BEGIN Record excerpts

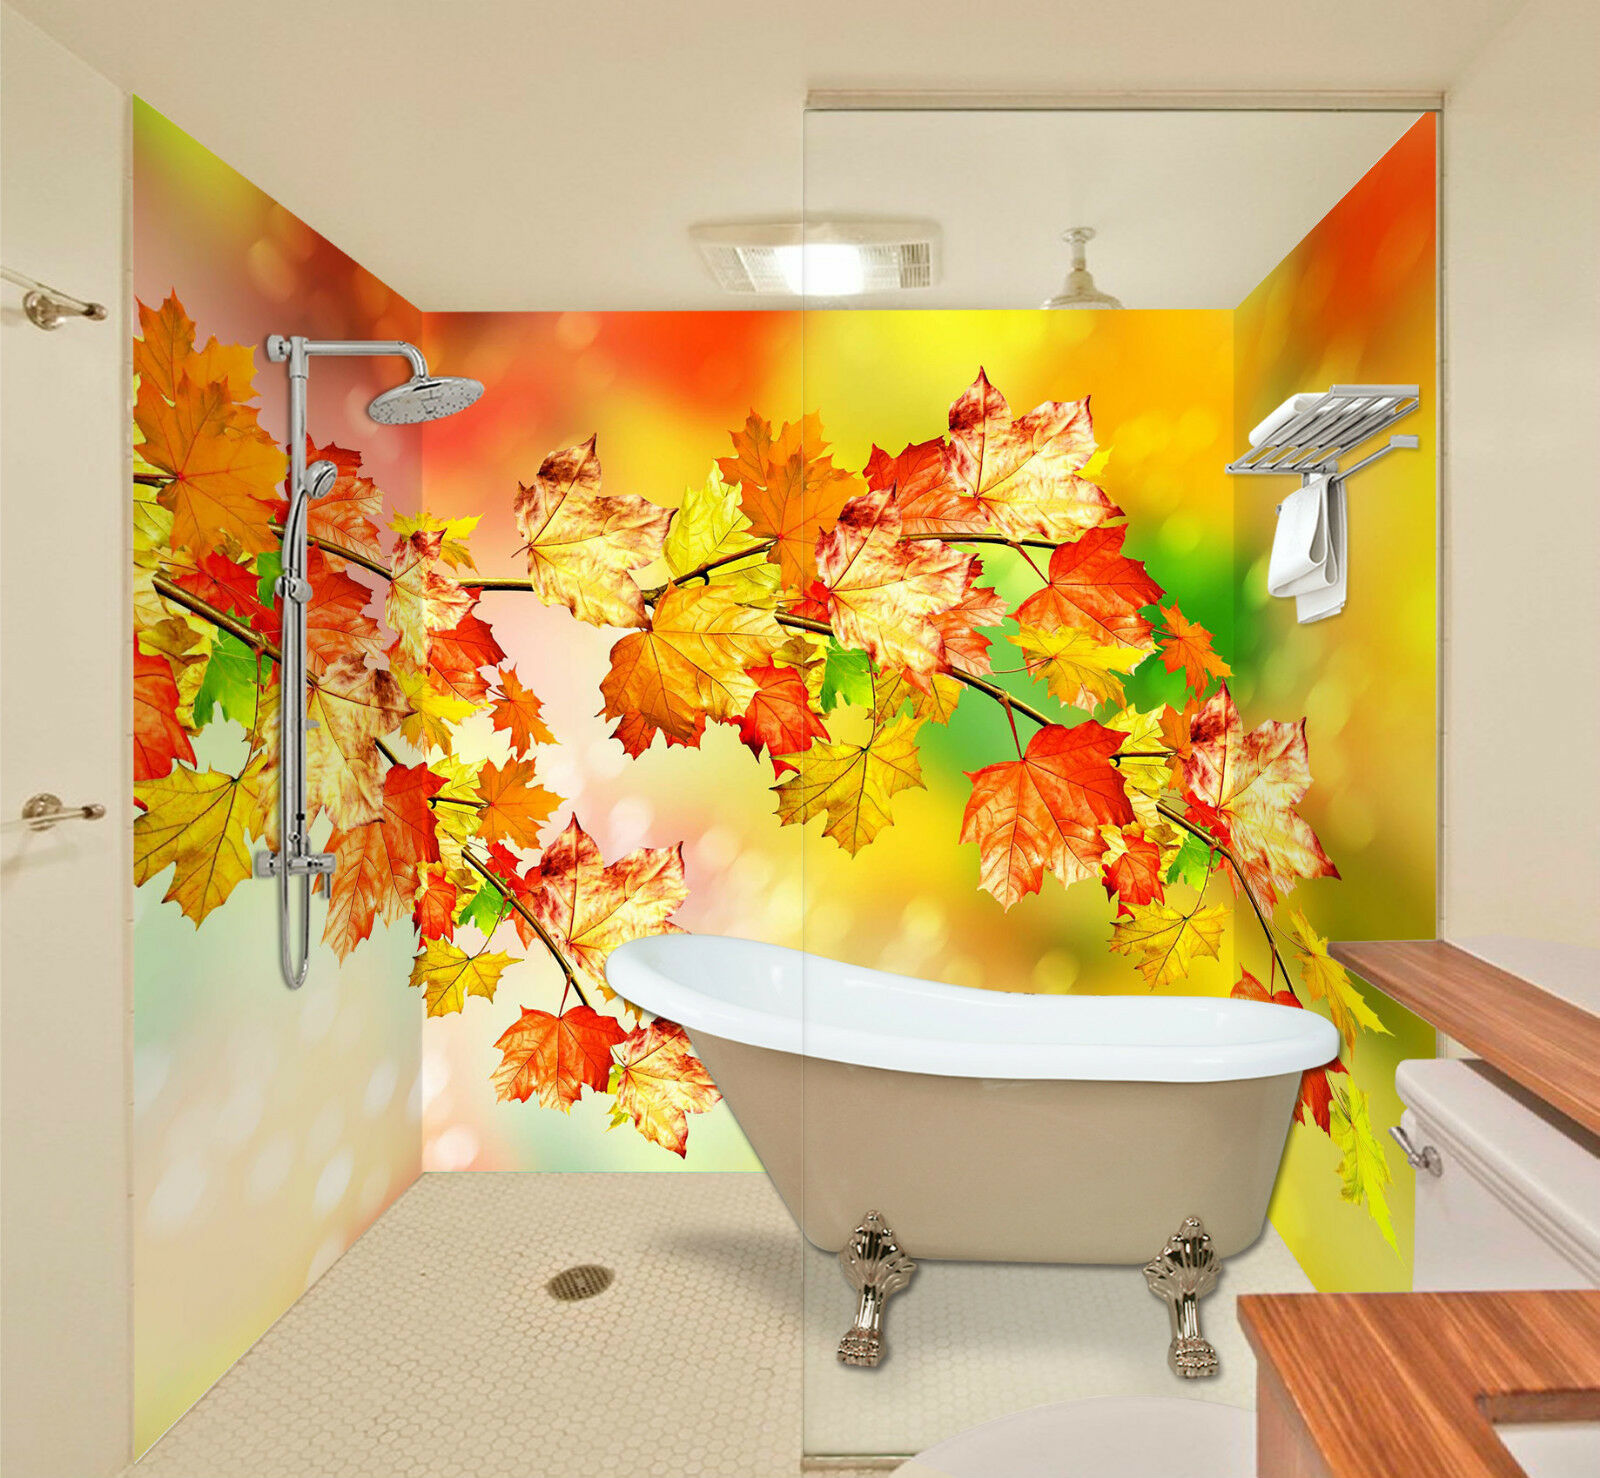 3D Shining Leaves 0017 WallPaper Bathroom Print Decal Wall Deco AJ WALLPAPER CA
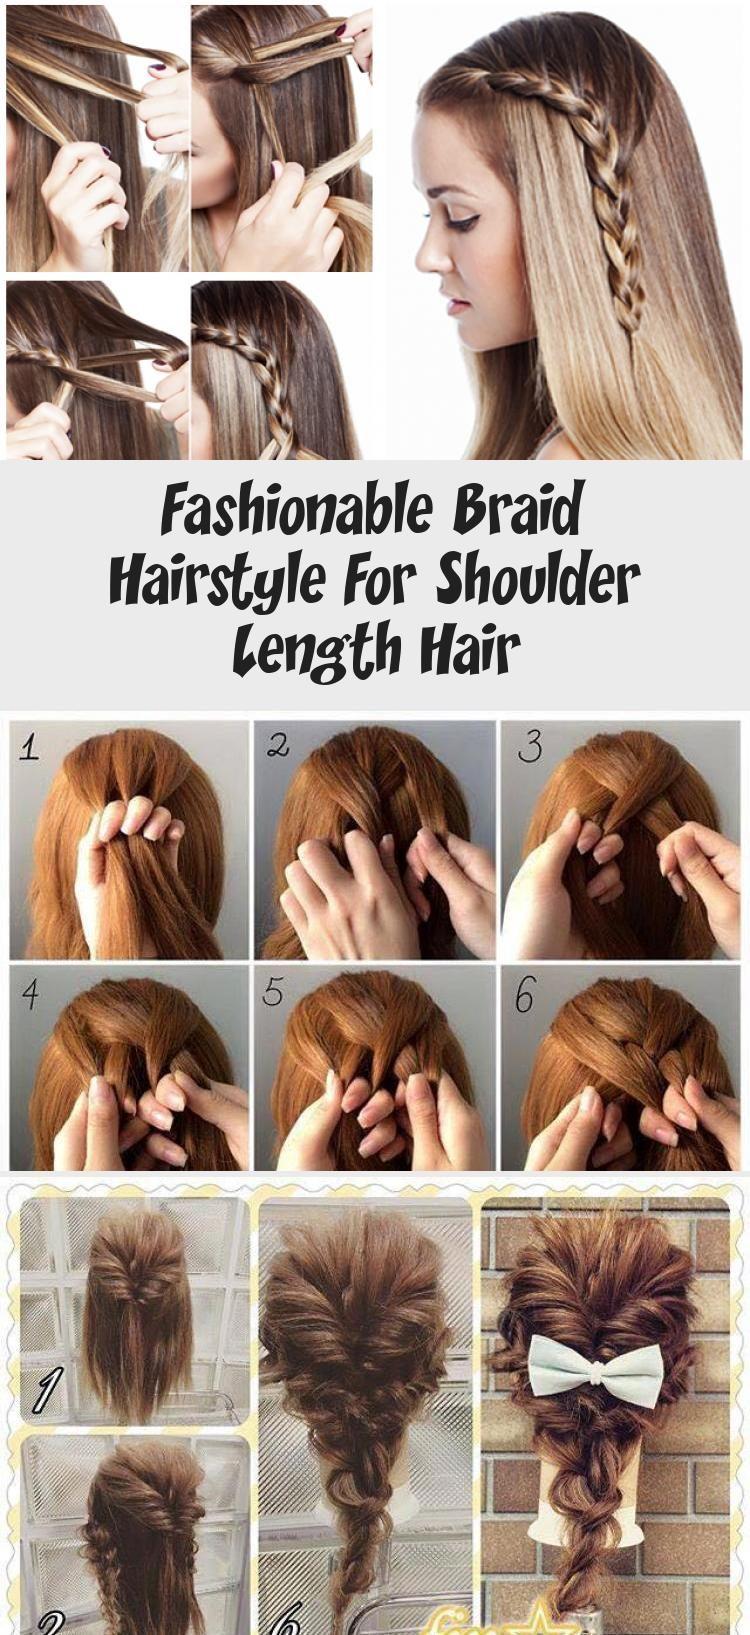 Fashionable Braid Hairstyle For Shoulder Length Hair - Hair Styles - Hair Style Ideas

END Record excerpts
BEGIN Record excerpts

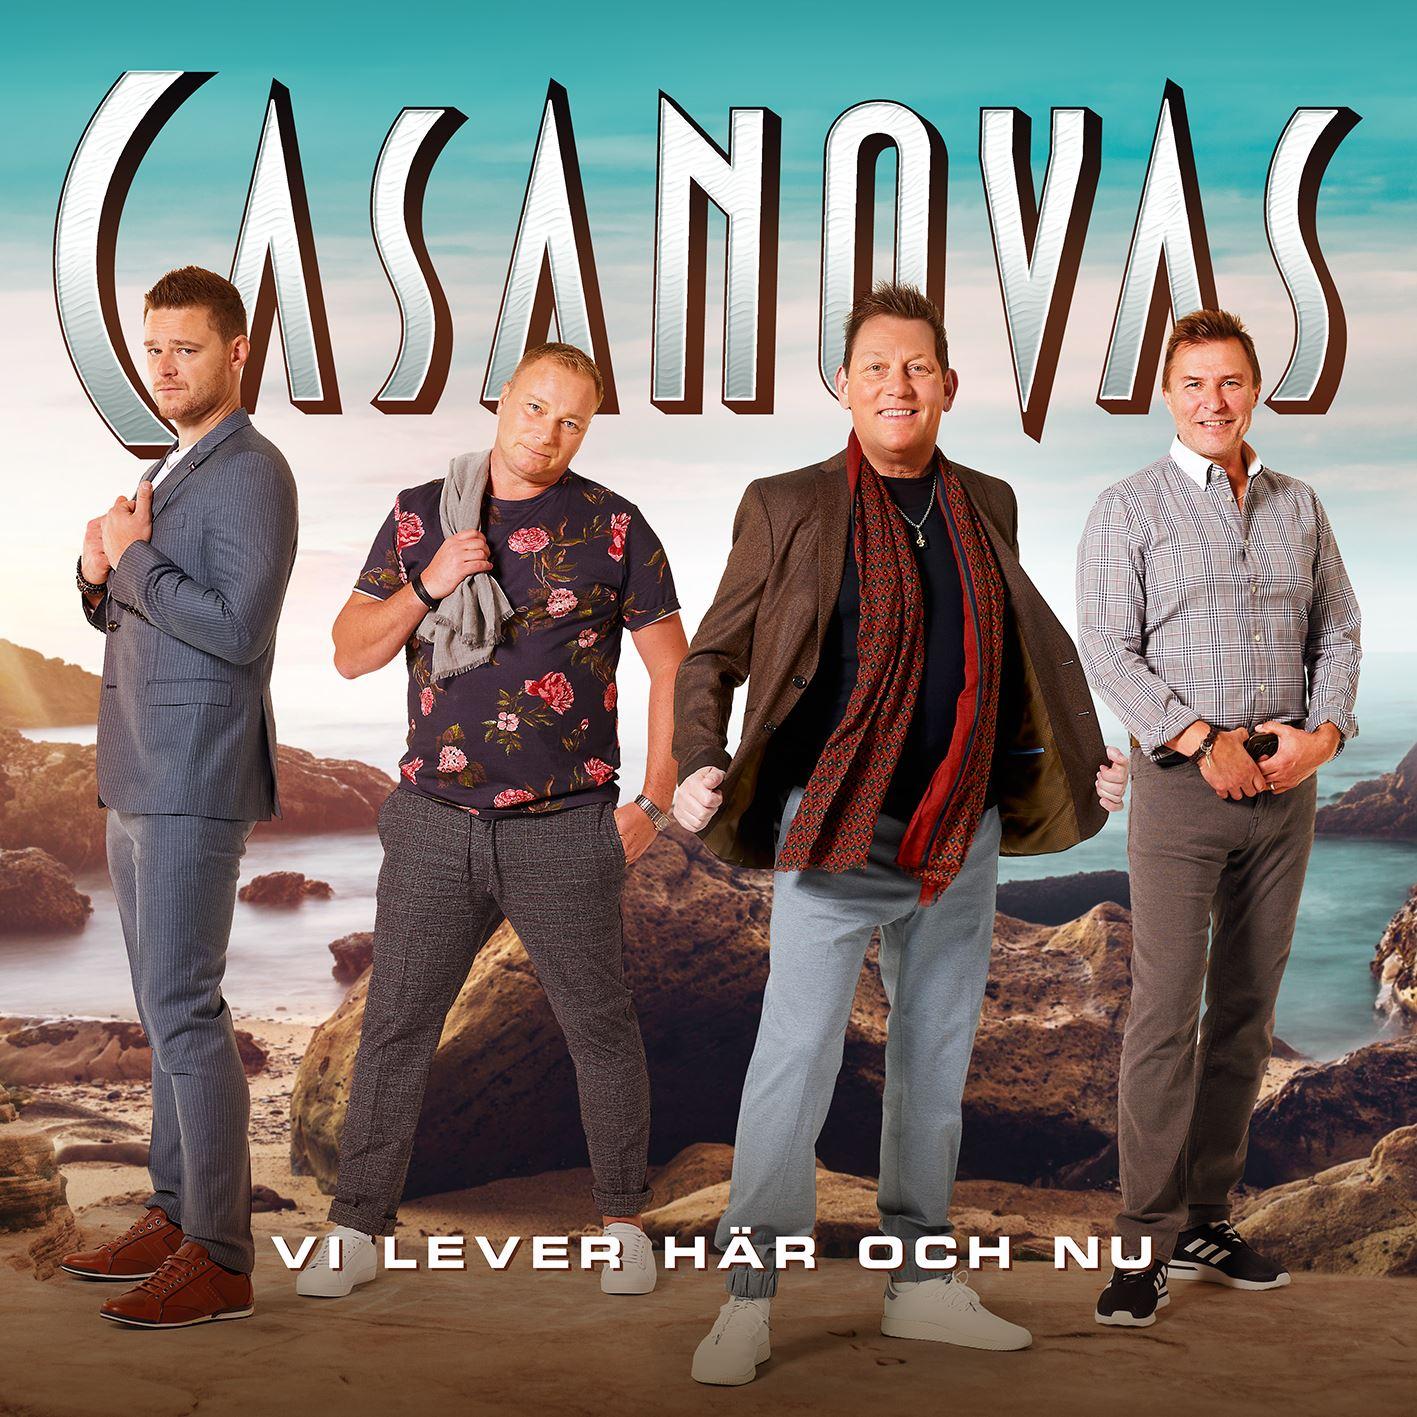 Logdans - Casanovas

END Record excerpts

What is being asked » Precisely those lines above that run from the line with "3D Shining Leaves" up to and including the line with "Fashionable Braid Hairstyle" are to be set down, with the pictures omitted.

Final answer »
 3D Shining Leaves 0017 WallPaper Bathroom Print Decal Wall Deco AJ WALLPAPER CA
 Fashionable Braid Hairstyle For Shoulder Length Hair - Hair Styles - Hair Style Ideas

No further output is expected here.